Murdoch play to open, at last

Investigative reporter Jane, played by Sofie Welvaert, finally meets "Keith Murdoch", played by...
Investigative reporter Jane, played by Sofie Welvaert, finally meets "Keith Murdoch", played by Paul Ellicott. PHOTO: CHRISTINE O'CONNOR
Theatre director Andrew McKenzie is not worried that an earlier postponement of the show will "jinx" a play about late Otago All Black Keith Murdoch, which opens at the Globe Theatre this month.

"It's definitely crossed my mind a couple of times," he added.

The play, Finding Murdoch, focuses partly on some of the stresses that come with "the wearing of the black jersey and what it means".

But Mr McKenzie could also be forgiven for feeling some of the pressures himself, as he again tries to stage what he terms a "highly charged piece of theatre".

"And with Keith Murdoch's passing away just this month, it is an opportunity to celebrate, reflect, and re-evaluate our understanding of a complex and unfairly maligned man," he said.

Murdoch had been portrayed in an unfair, exaggerated way in the British media, including as a gorilla in a cage.

"We're encouraged to, and we want to, mythologise our sporting heroes," Mr McKenzie said.

Some heroes responded to those pressures by larger-than- life deeds both on and off the field.

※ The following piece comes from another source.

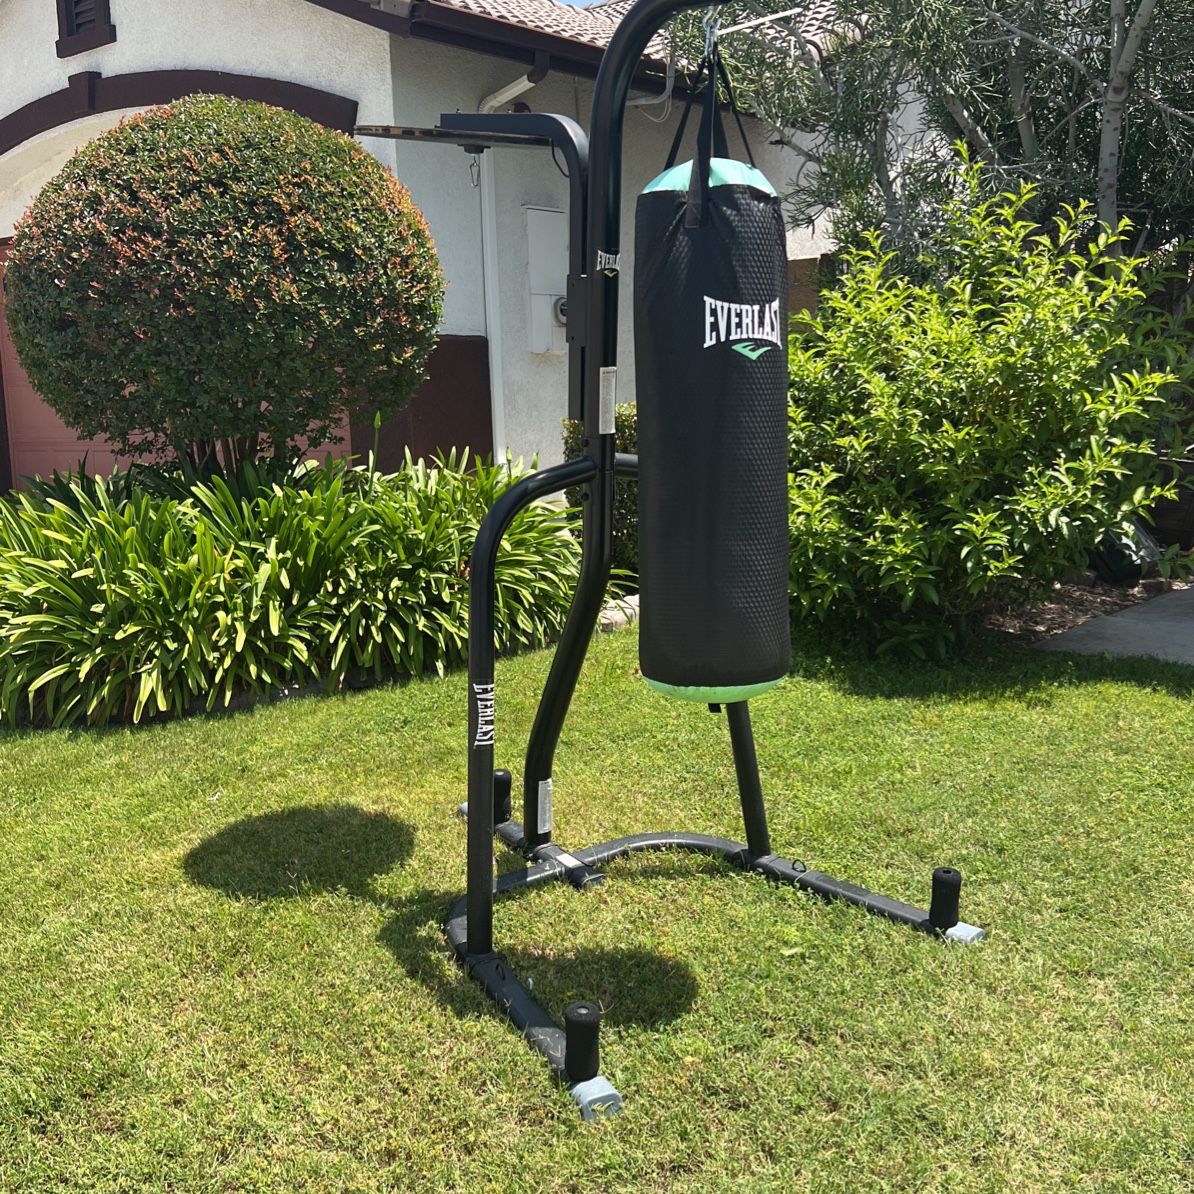 Everlast 75lb punching Bag  With Stand Included

There were also massive pressures to live up to expectations.

"But we're still all very human, we're all prone to make mistakes."

Underlying the play is the controversial sending home of Murdoch, from an All Black tour of Britain, after he apparently punched a security guard in a fracas at the Cardiff Arms Hotel, on the night of December 2, 1972.

But instead of simply coming home to New Zealand, Murdoch chose to live a quiet life in outback Australia, where the playwright and television journalist Margot McRae tracked him down and spoke to him, in 1990.

In McRae's subsequent play, a reporter called Jane also tries to solve the mystery of what really happened in the Cardiff hotel that night, and to find Murdoch.

In late 2016, Mr McKenzie, a drama and English teacher at King's High School, began working on the play production, which was to have started last June.

But in almost a case of life imitating art, that planned production itself also became briefly embroiled in controversy and had to be postponed.

Actor and television presenter Craig Storey, who was earlier to have played Murdoch, was charged and later convicted last year after admitting a charge of assault with intent to injure, involving his former partner.

The new production opens on April 26, and includes most of the original six actors, but with Globe secretary Paul Ellicott playing Murdoch.

The show runs until Saturday May 5.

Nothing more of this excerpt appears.